*Provided data*:
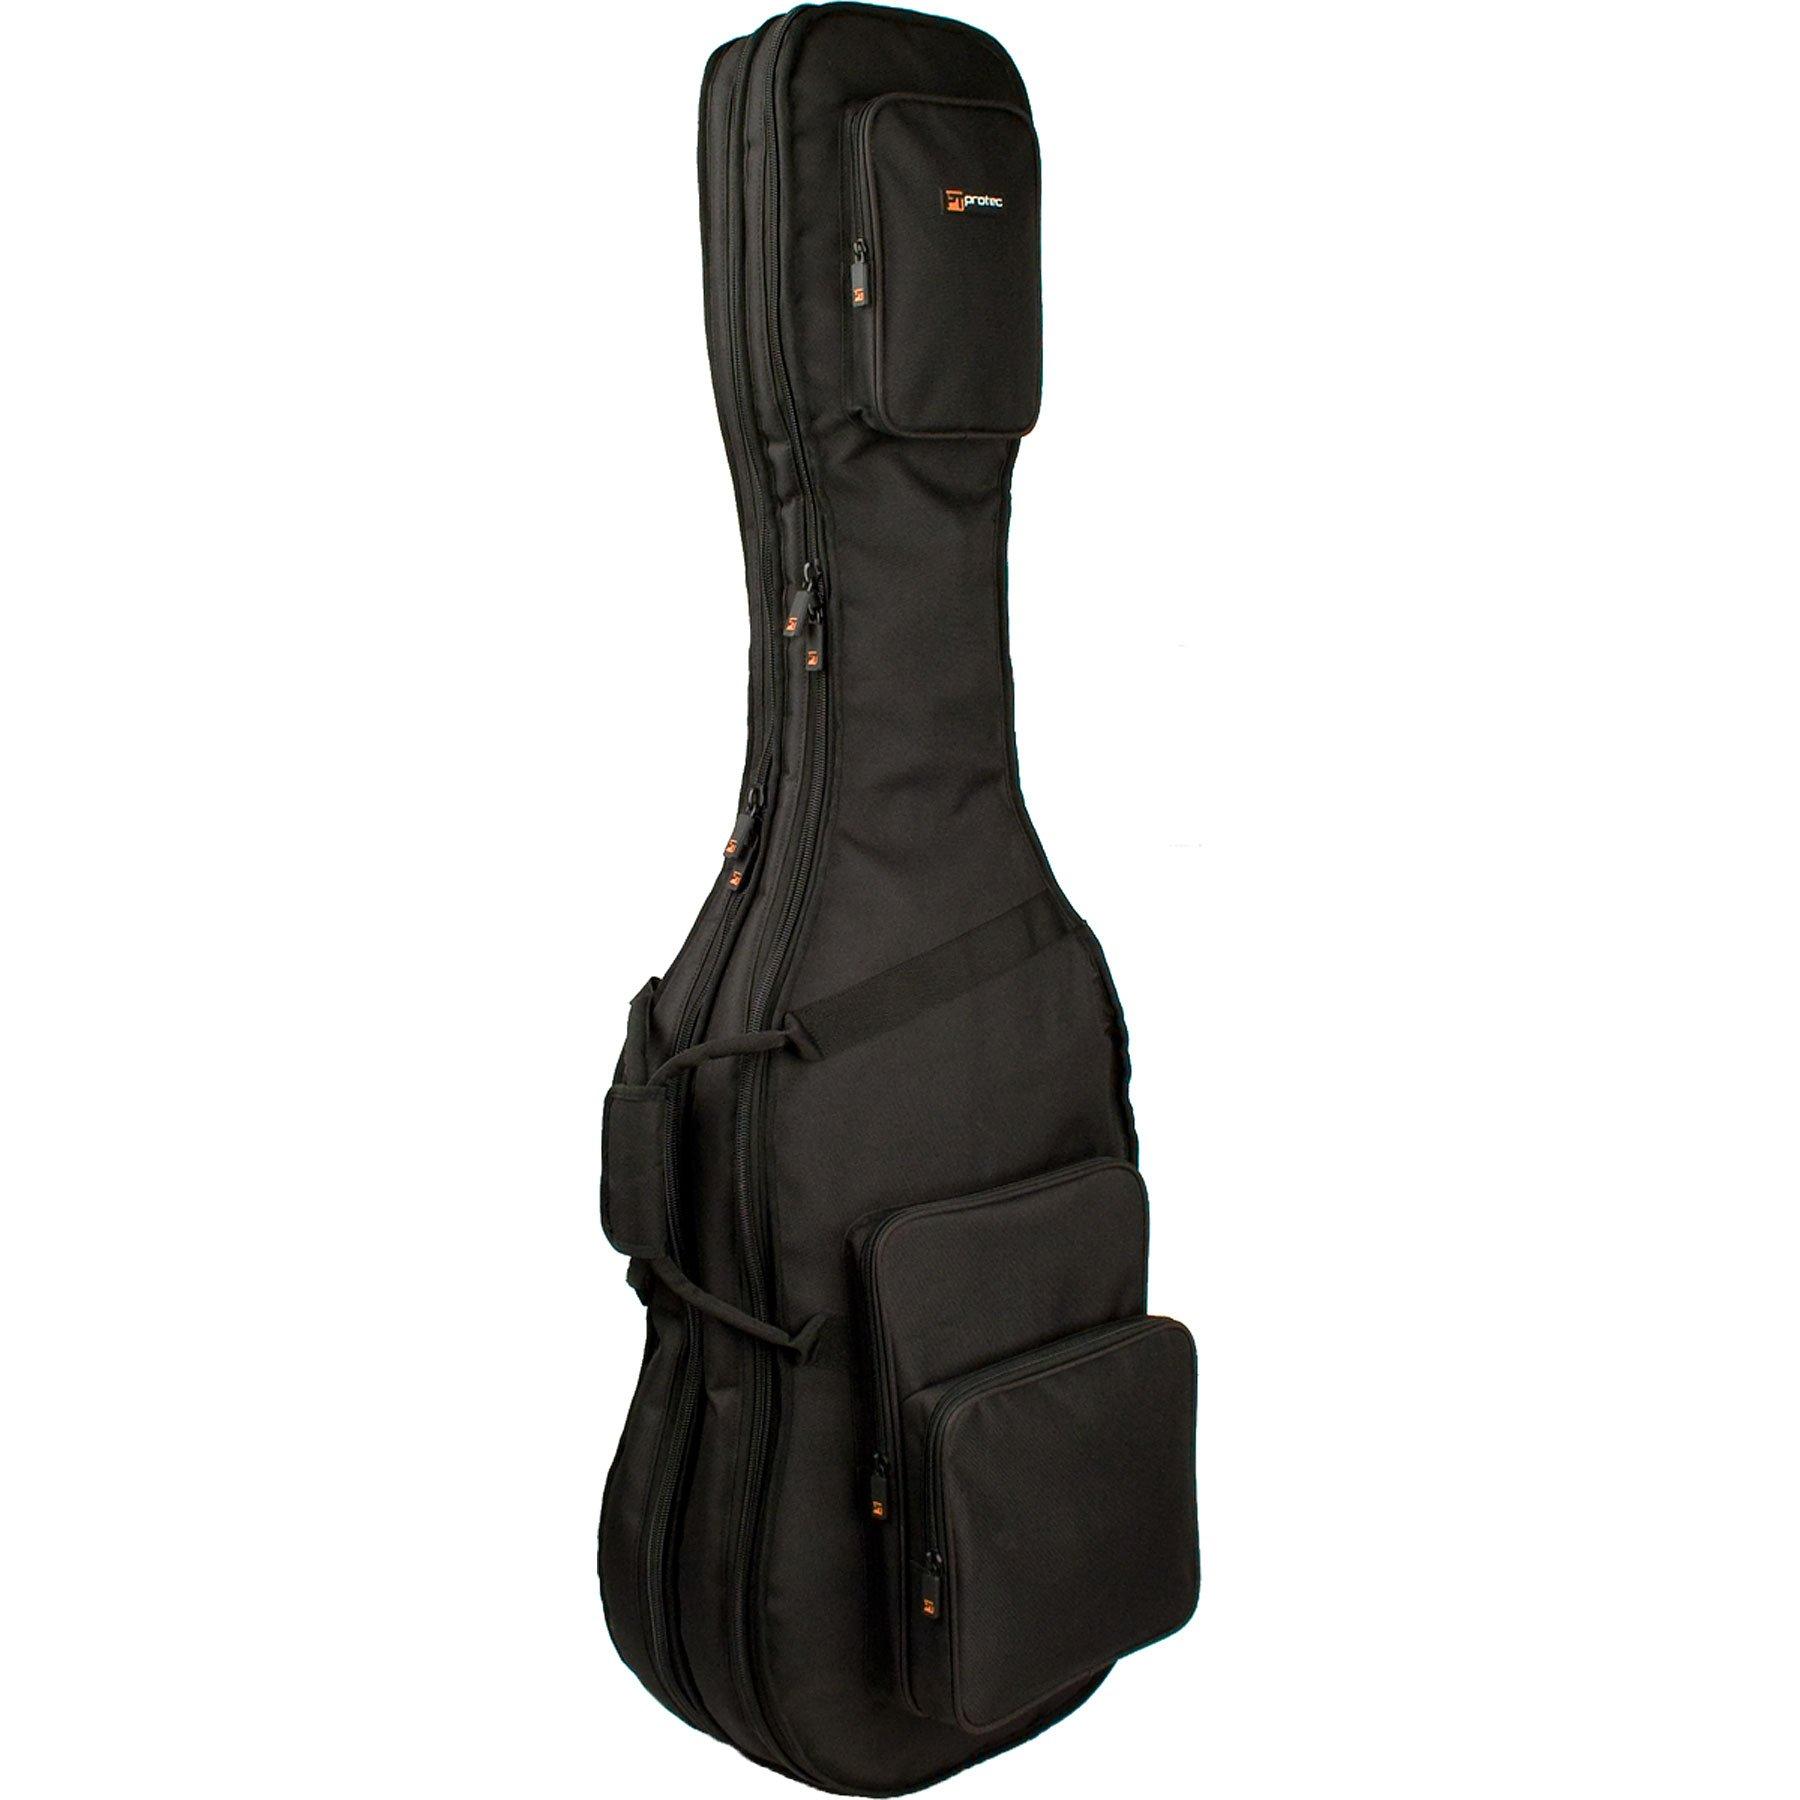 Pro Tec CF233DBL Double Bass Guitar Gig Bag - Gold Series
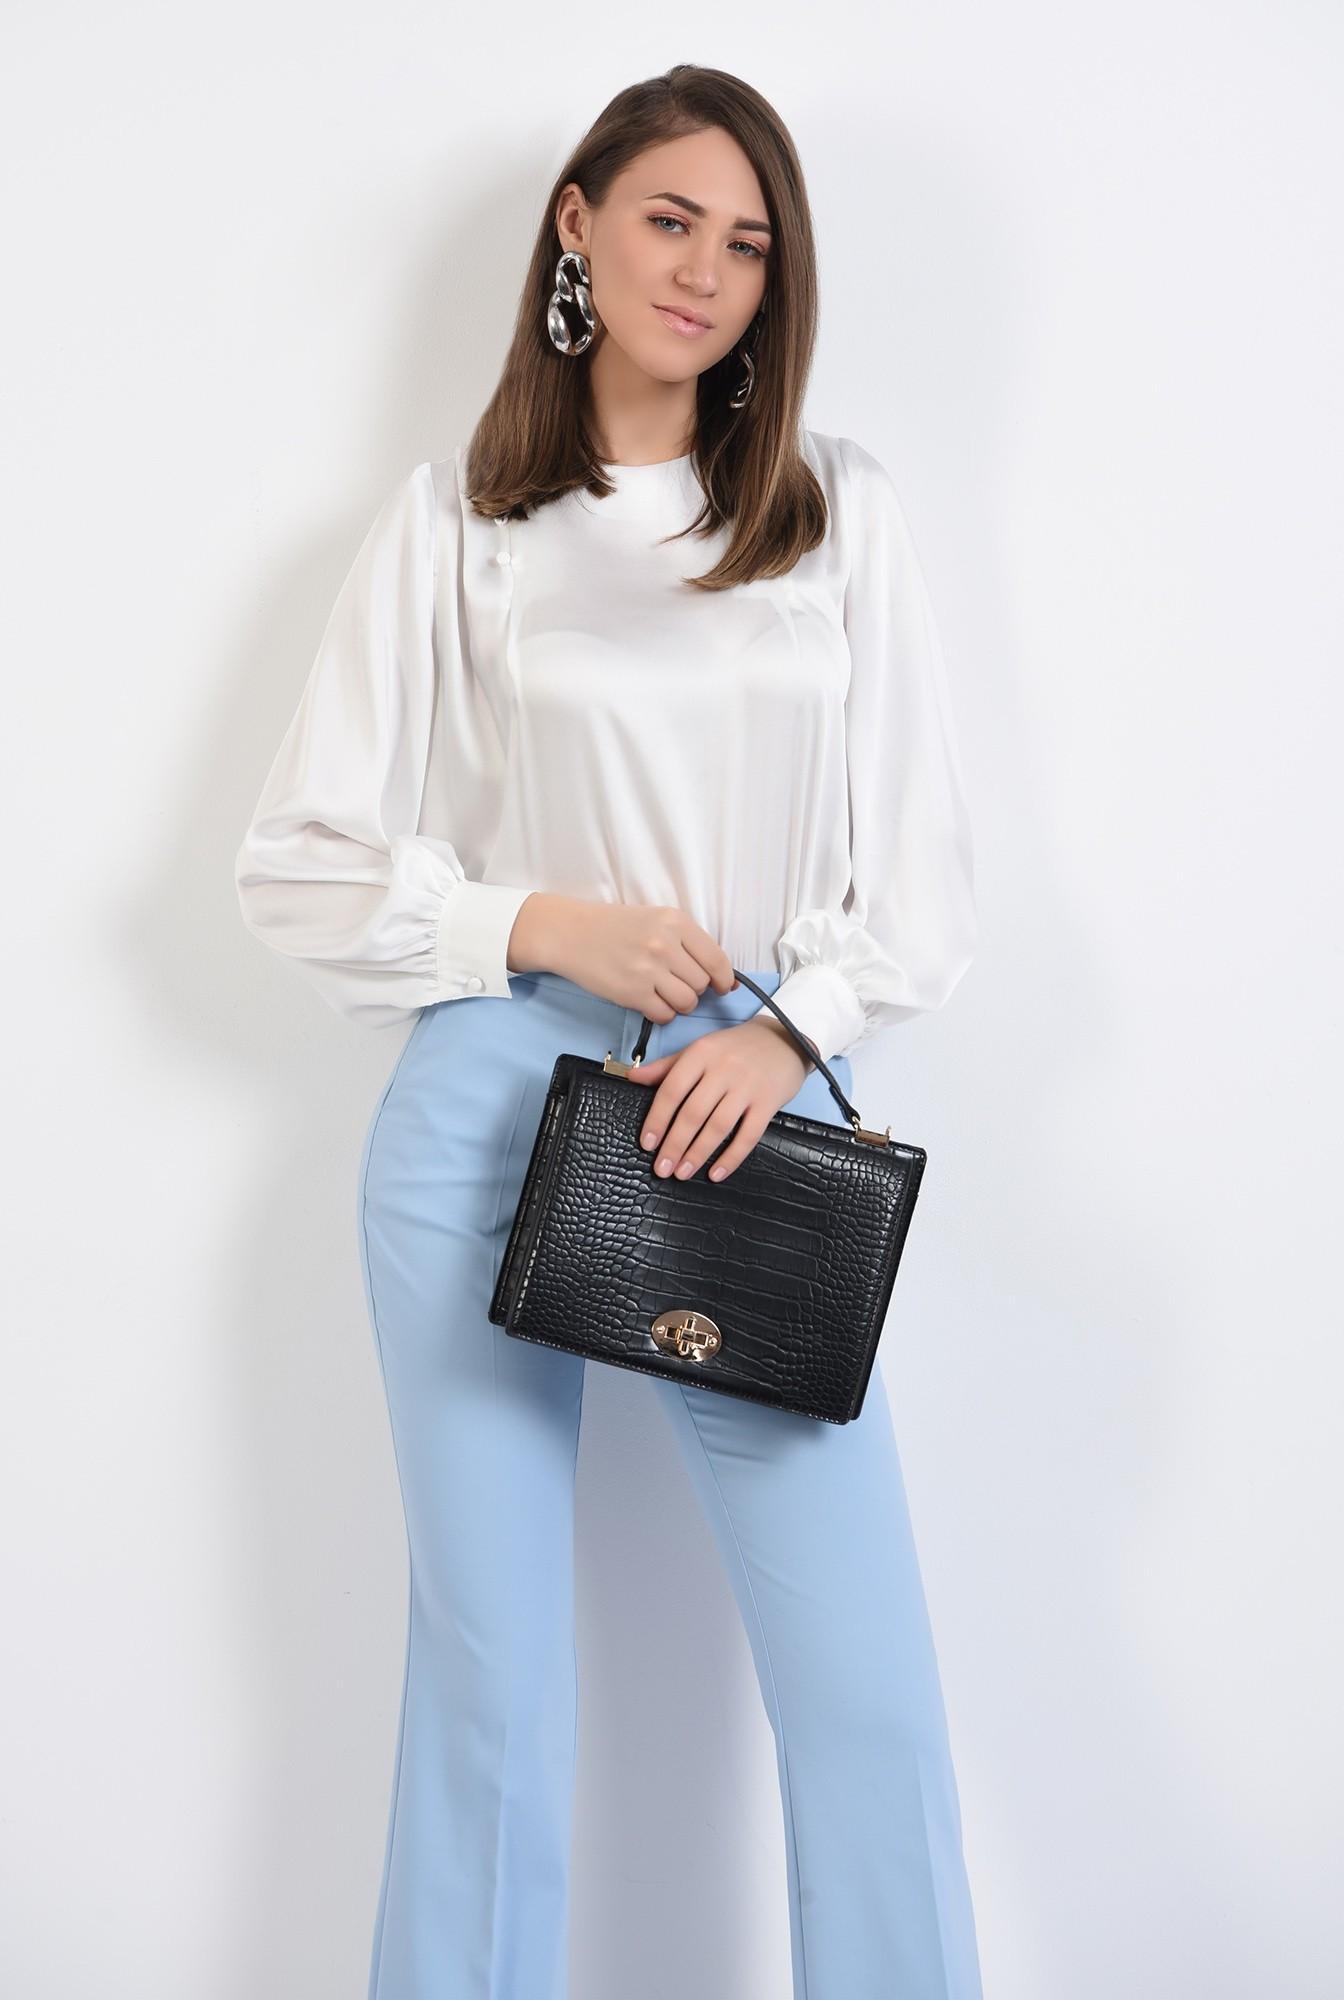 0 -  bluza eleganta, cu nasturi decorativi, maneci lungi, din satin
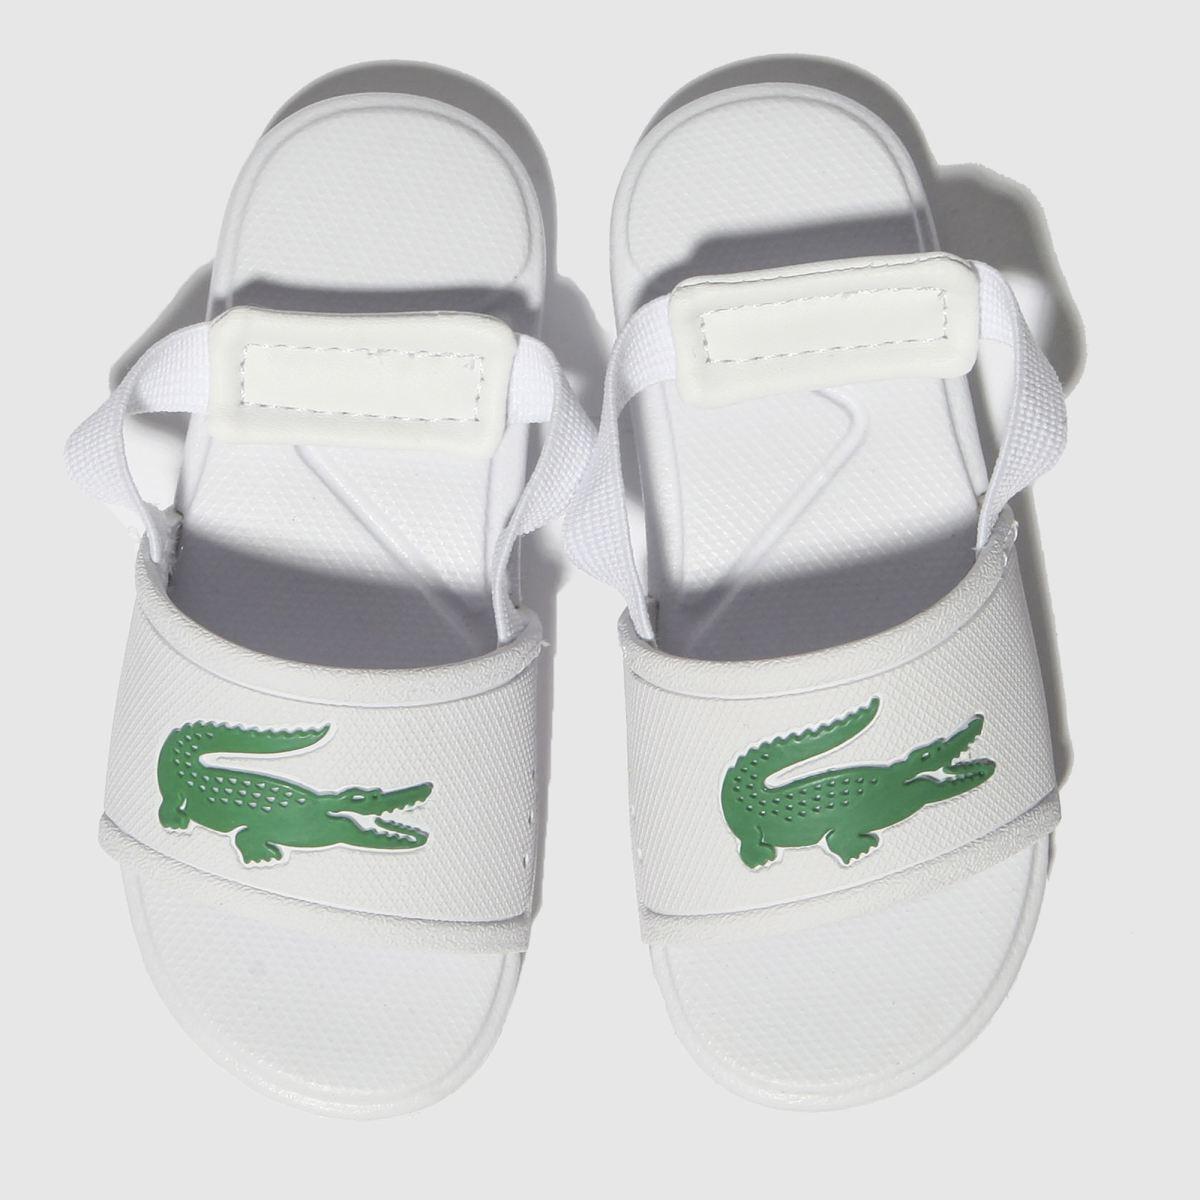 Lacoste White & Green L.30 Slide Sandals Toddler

*About this task*:
The answer is the listing above restated word for word, pictures removed.

*Your response*:
 Pro Tec CF233DBL Double Bass Guitar Gig Bag - Gold Series
 0 -  bluza eleganta, cu nasturi decorativi, maneci lungi, din satin
 Lacoste White & Green L.30 Slide Sandals Toddler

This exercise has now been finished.